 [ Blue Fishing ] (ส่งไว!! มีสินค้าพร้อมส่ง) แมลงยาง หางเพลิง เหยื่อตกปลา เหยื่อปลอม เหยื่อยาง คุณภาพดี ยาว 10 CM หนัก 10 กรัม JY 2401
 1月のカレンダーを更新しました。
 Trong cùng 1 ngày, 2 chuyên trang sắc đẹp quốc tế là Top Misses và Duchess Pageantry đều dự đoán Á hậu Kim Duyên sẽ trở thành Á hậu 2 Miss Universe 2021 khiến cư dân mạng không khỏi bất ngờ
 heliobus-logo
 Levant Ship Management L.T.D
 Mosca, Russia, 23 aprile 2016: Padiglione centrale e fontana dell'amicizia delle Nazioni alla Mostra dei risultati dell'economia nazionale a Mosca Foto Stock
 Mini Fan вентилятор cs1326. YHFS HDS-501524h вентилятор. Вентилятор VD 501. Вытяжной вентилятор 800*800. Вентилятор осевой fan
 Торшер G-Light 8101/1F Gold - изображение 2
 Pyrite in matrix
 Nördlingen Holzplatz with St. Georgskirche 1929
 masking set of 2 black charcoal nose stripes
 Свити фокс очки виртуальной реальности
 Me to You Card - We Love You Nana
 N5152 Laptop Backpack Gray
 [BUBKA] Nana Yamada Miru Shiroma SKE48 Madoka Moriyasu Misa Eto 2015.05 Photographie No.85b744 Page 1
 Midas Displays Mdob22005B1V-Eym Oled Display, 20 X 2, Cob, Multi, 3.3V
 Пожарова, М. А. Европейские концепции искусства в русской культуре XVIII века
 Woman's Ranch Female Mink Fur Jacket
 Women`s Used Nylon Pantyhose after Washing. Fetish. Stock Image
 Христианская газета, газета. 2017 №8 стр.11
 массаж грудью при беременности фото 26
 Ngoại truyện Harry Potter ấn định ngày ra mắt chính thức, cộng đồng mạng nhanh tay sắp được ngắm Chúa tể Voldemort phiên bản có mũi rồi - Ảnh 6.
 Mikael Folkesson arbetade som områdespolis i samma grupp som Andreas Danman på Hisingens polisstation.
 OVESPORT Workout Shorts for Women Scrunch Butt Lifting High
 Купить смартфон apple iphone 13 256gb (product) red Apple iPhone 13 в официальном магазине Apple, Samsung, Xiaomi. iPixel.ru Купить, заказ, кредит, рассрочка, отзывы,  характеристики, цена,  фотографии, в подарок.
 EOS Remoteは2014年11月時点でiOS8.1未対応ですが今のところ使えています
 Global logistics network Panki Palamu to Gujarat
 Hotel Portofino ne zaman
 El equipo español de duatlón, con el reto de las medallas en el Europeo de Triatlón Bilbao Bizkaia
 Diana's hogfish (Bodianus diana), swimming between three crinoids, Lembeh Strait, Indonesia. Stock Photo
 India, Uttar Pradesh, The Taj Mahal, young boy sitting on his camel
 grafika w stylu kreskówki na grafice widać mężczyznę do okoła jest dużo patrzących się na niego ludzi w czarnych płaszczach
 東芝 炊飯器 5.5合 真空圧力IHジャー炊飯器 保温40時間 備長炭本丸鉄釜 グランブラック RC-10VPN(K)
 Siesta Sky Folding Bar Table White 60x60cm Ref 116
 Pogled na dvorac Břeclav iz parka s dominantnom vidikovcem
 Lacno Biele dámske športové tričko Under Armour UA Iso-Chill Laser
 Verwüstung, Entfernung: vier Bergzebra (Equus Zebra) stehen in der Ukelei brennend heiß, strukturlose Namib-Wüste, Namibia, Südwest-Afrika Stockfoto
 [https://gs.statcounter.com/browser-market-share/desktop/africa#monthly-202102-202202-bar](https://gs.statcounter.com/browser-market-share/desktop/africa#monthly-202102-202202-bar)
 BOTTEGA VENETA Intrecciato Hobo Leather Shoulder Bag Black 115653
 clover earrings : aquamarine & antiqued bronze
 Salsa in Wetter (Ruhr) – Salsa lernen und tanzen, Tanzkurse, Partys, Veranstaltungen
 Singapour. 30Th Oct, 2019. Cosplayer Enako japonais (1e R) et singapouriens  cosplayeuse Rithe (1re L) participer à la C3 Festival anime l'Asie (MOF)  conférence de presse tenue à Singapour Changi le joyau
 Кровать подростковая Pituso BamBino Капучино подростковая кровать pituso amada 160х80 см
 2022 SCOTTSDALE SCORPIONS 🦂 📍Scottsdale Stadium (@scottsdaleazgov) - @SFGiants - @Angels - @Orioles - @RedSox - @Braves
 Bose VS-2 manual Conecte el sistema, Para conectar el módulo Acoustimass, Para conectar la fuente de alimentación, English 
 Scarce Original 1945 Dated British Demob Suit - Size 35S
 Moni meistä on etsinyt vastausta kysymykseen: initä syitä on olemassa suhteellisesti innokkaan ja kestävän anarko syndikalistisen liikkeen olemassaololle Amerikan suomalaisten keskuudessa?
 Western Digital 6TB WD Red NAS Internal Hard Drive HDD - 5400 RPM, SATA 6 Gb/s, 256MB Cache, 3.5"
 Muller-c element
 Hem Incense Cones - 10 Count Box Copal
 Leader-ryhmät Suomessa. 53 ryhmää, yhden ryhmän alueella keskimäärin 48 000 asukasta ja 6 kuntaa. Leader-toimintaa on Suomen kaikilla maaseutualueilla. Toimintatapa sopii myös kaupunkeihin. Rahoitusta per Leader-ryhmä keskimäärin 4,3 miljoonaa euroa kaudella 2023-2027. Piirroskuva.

--------

→ **WHAT YOU HAVE TO DO**: Write out exactly the lines that fall from the line with "Пожарова, М. А." to the line with "Siesta Sky Folding" in the records above, keeping both ends.

→ **EXPECTED ANSWER**:
 Пожарова, М. А. Европейские концепции искусства в русской культуре XVIII века
 Woman's Ranch Female Mink Fur Jacket
 Women`s Used Nylon Pantyhose after Washing. Fetish. Stock Image
 Христианская газета, газета. 2017 №8 стр.11
 массаж грудью при беременности фото 26
 Ngoại truyện Harry Potter ấn định ngày ra mắt chính thức, cộng đồng mạng nhanh tay sắp được ngắm Chúa tể Voldemort phiên bản có mũi rồi - Ảnh 6.
 Mikael Folkesson arbetade som områdespolis i samma grupp som Andreas Danman på Hisingens polisstation.
 OVESPORT Workout Shorts for Women Scrunch Butt Lifting High
 Купить смартфон apple iphone 13 256gb (product) red Apple iPhone 13 в официальном магазине Apple, Samsung, Xiaomi. iPixel.ru Купить, заказ, кредит, рассрочка, отзывы,  характеристики, цена,  фотографии, в подарок.
 EOS Remoteは2014年11月時点でiOS8.1未対応ですが今のところ使えています
 Global logistics network Panki Palamu to Gujarat
 Hotel Portofino ne zaman
 El equipo español de duatlón, con el reto de las medallas en el Europeo de Triatlón Bilbao Bizkaia
 Diana's hogfish (Bodianus diana), swimming between three crinoids, Lembeh Strait, Indonesia. Stock Photo
 India, Uttar Pradesh, The Taj Mahal, young boy sitting on his camel
 grafika w stylu kreskówki na grafice widać mężczyznę do okoła jest dużo patrzących się na niego ludzi w czarnych płaszczach
 東芝 炊飯器 5.5合 真空圧力IHジャー炊飯器 保温40時間 備長炭本丸鉄釜 グランブラック RC-10VPN(K)
 Siesta Sky Folding Bar Table White 60x60cm Ref 116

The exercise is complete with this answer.